Daniel Watts v. Robert Tanner, Warden

Daniel Watts v. Robert Tanner, Warden
U.S. Court of Appeals for the Fifth Circuit · Decided August 23, 2017 · Stewart, Dennis, Haynes
697 F. App'x 267

Daniel Watts v. Robert Tanner, Warden

Opinion

PER CURIAM: *

Following a jury trial, Daniel Watts, Louisiana prisoner # 437719, was convicted of attempted second-degree murder and sentenced to 50 years in prison. After his 28 U.S.C. § 2254 petition was dismissed as untimely, he filed a 28 U.S.C. § 2241 petition challenging his conviction. The district court construed this motion as an unauthorized successive § 2254 petition and transferred the matter to this court. The district court’s transfer order is an appealable collateral order over which this court has jurisdiction. See In re Bradford, 660 F.3d 226, 228-29 (5th Cir. 2011); see also United States v.
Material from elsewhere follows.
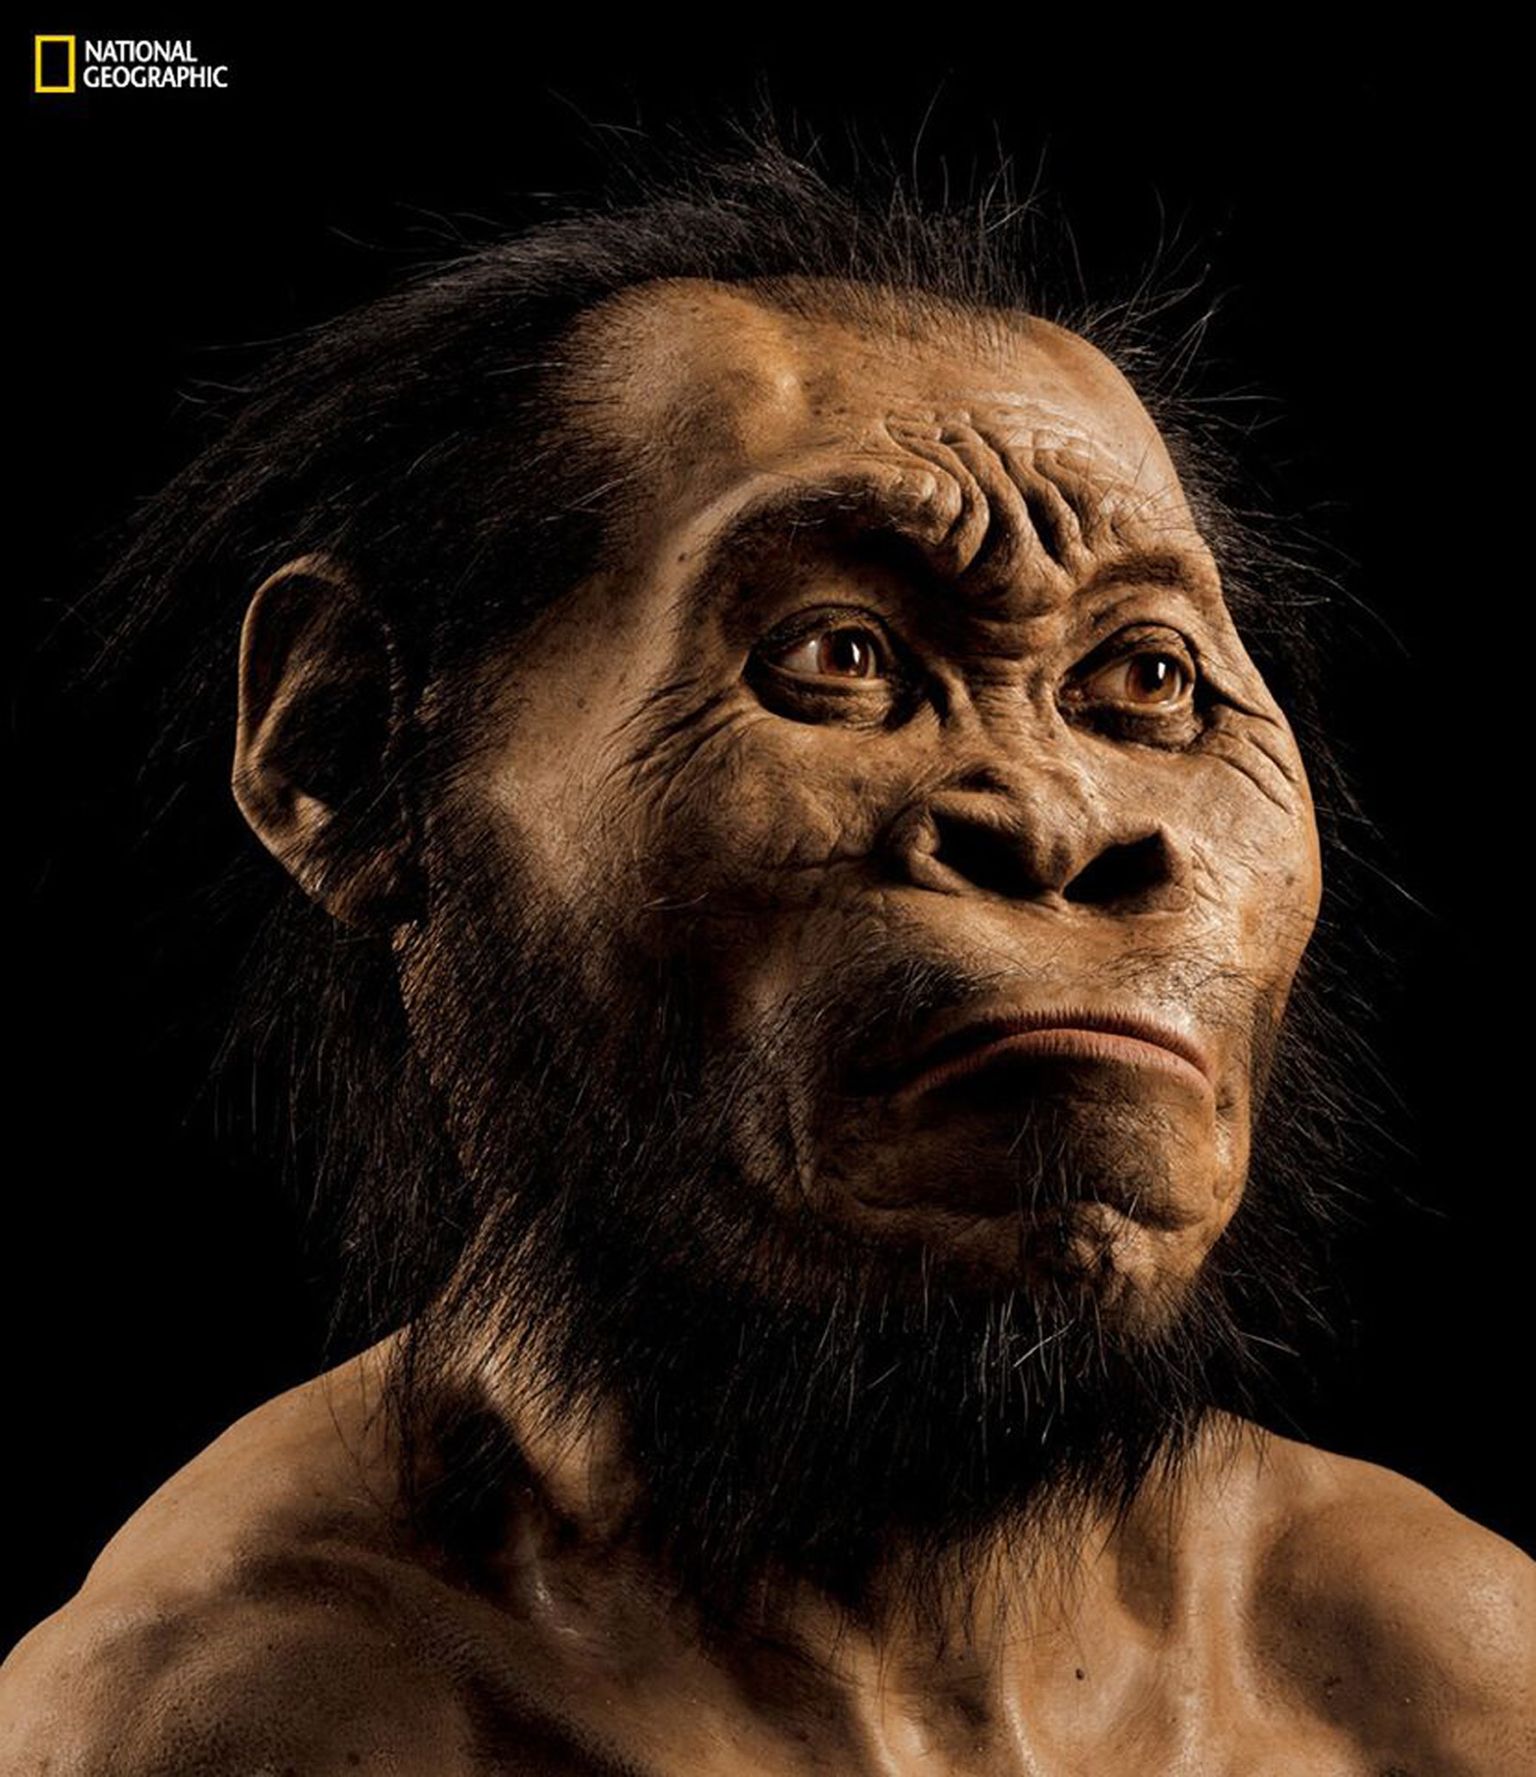 USA paleokunstniku John Gurche joonistus väljasurnud inimliigist Homo naledi'st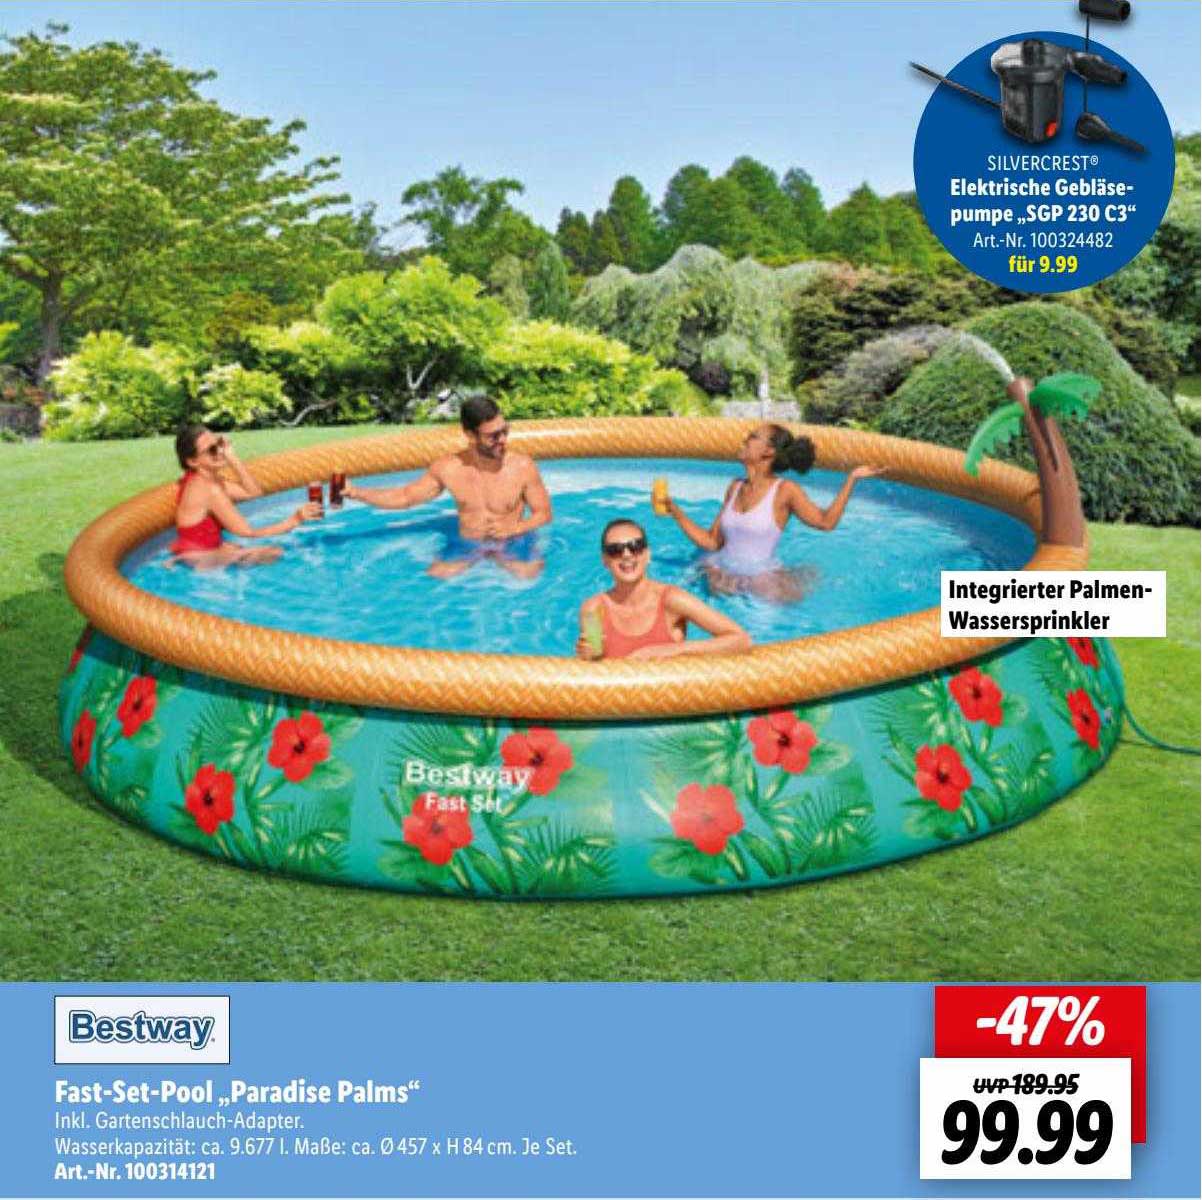 Angebot bei Bestway Palms” Lidl „paradise Fast-set-pool

Fulton, 780 F.3d 683, 688 (5th Cir. 2015).

Watts argues that the district court erred by construing his § 2241 petition as a successive § 2254 application. According to Watts, he was convicted of an illegal, nonresponsive verdict, and,' as such, he asserts that he is not challenging his conviction under § 2254 because there is no valid conviction to challenge.

As the record shows, Watts’s petition challenges the validity of the same Louisiana conviction for attempted second-degree murder that was the subject of his first § 2254 petition, and this challenge could have been raised in that petition. See Leal Garcia v. Quarterman, 573 F.3d 214, 222 (5th Cir. 2009); In re Cain, 137 F.3d 234, 235 (5th Cir. 1998). Therefore, the district court properly construed the petition as a successive § 2254 petition, over which it lacked jurisdiction, and transferred it to this court. See Felker v. Turpin, 518 U.S. 651, 662, 116 S.Ct. 2333, 135 L.Ed.2d 827 (1996); United States v. Key, 205 F.3d 773, 774 (5th Cir. 2000). Accordingly, we AFFIRM the district court’s transfer order.

*

Pursuant to 5th Cir. R. 47.5, the court has determined that this opinion should not be published and is not precedent except under the limited circumstances set forth in 5th Cir. R. 47.5.4.